Notable in the season of giving was the gallery’s continued custom of contributing a portion of its proceeds to nonprofit organizations, a tradition Cox began 35 years ago when he was director of the Grand Central Art Galleries in New York. These sales included auctions to benefit New York’s historic Salmagundi Club, the Dutch Treat Club and the New York City Heart Association. “The Heart Association fundraiser was conducted annually at the city’s famous 21 Club,” Cox noted.
Cox, who opened his gallery in Woodstock in 1990, kept this tradition going, and auctions were conducted to benefit Family of Woodstock, the Woodstock Artists Association and Museum and the Woodstock School of Art. In addition to Woodstock’s famous art school, the December sale also raised funds for Ulster County’s Habitat of Humanity in Kingston.
Pieces from private collections included work consigned by several distinguished heirs, including Sandy Scott, whose father, John Locke, a prominent art agent, represented many well-known American and European illustrators, including Jean Michel Folon and Ronald Searle. Local Woodstock benefactor Doug James also offered pieces from his collection, including an Eve Arnold photograph of Marilyn Monroe taken on the set of The Misfits.
Paintings by Robert De Niro Sr (1922-1993), father of the famous actor, were consigned from the collection of Robin Scherm and Adi Gevins, along with a special group of etchings and watercolors of life in Florida, circa 1930s. It was a De Niro Sr painting, in fact, that led top sellers in the sale, going to the trade for $5,400. “Man in Artist’s Studio,” 1969-1971, a pastel on paper, 29½ by 39½ inches, was signed upper right and framed.
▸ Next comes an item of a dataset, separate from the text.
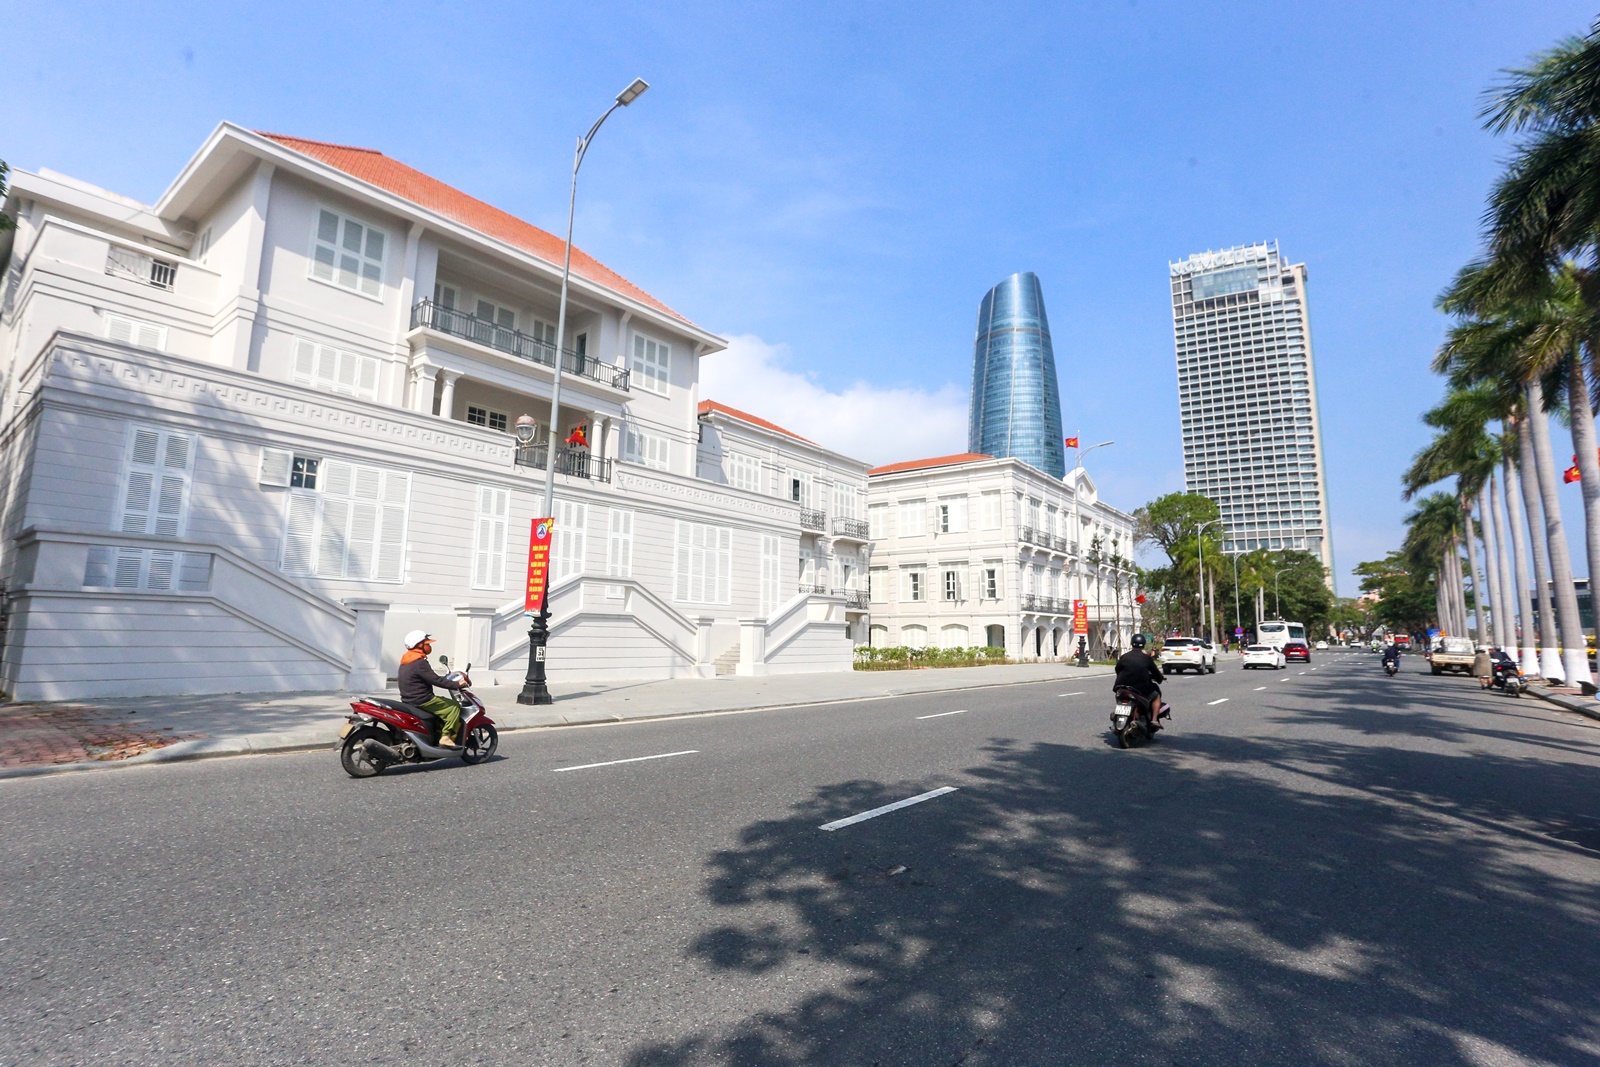 Tòa Đốc lý 120 tuổi ở Đà Nẵng chưa tu bổ xong đã thành điểm check in mới thu hút du khách - Ảnh 1.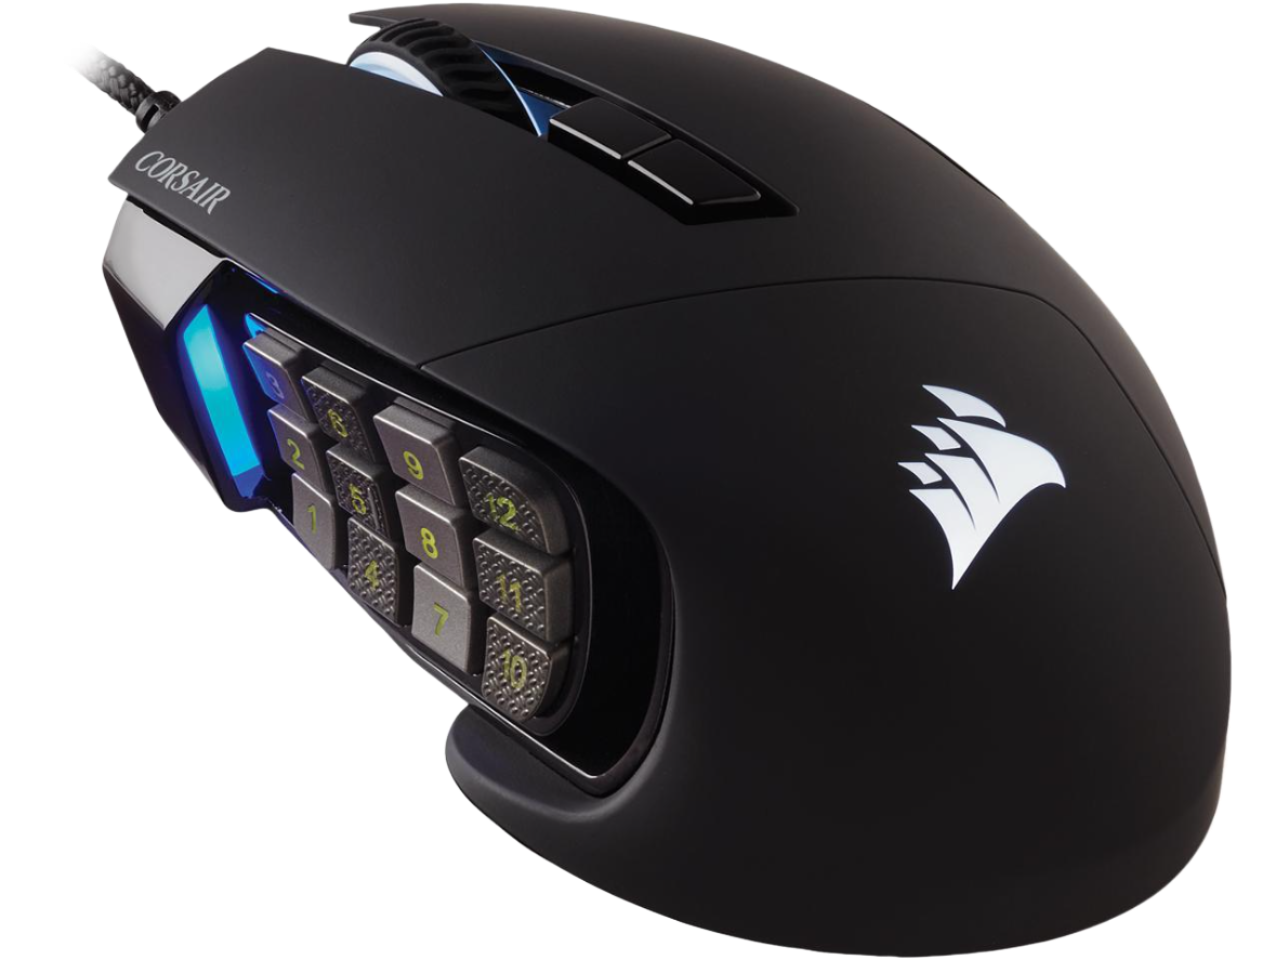 Corsair Scimitar RGB Elite Moba/MMO Mouse

Estates represented in the auction included prominent Woodstock artists Konrad Cramer and Tomas Penning; Margery Ryerson, well-known pupil of Robert Henri and author of The Art Spirit; Outsider artist Joseph Garlock; midcentury abstract painter Elaine Wesley; James Chapin, whose work was often featured on covers of Time magazine; and Jason McWhorter, a member of New York’s renowned Pushpin Studio.
“I find it really interesting how these various niches develop,” said Cox in characterizing the sale. “It’s about people’s locale. For example, we had two or three pieces from Florida and from back in the 1930s and 1940s, and they just really went high. And I think it’s because there’s just so little available from that time period by really fine artists.”
Other prominent artists were featured in the auction. Jules Olitski (1922-2007) was represented by an untitled oil on canvas abstract from around 1970, 24 by 20 inches, that brought six times its high estimate, selling for $4,200 to a private collector in California. “There’s a woman we know here in Woodstock whose husband was one of the great restorers in New York City,” said Cox. “He died some 20 years ago, and she consigns things to me from his studio, and that’s where that piece came from.”
With auction proceeds going to Ulster County Habitat for Humanity, a Robert van Vorst Sewell (1860-1924) landscape, “Rocky Inlet – Monhegan Island, Maine,” circa 1915, 24 by 30 inches, went out at $3,240. Another oil on canvas by the artist, a mural study for the “Canterbury Tales,” circa 1910, 35 by 51 inches, with an estate stamp on verso, made $3,000. Its proceeds also go to Ulster County Habitat for Humanity.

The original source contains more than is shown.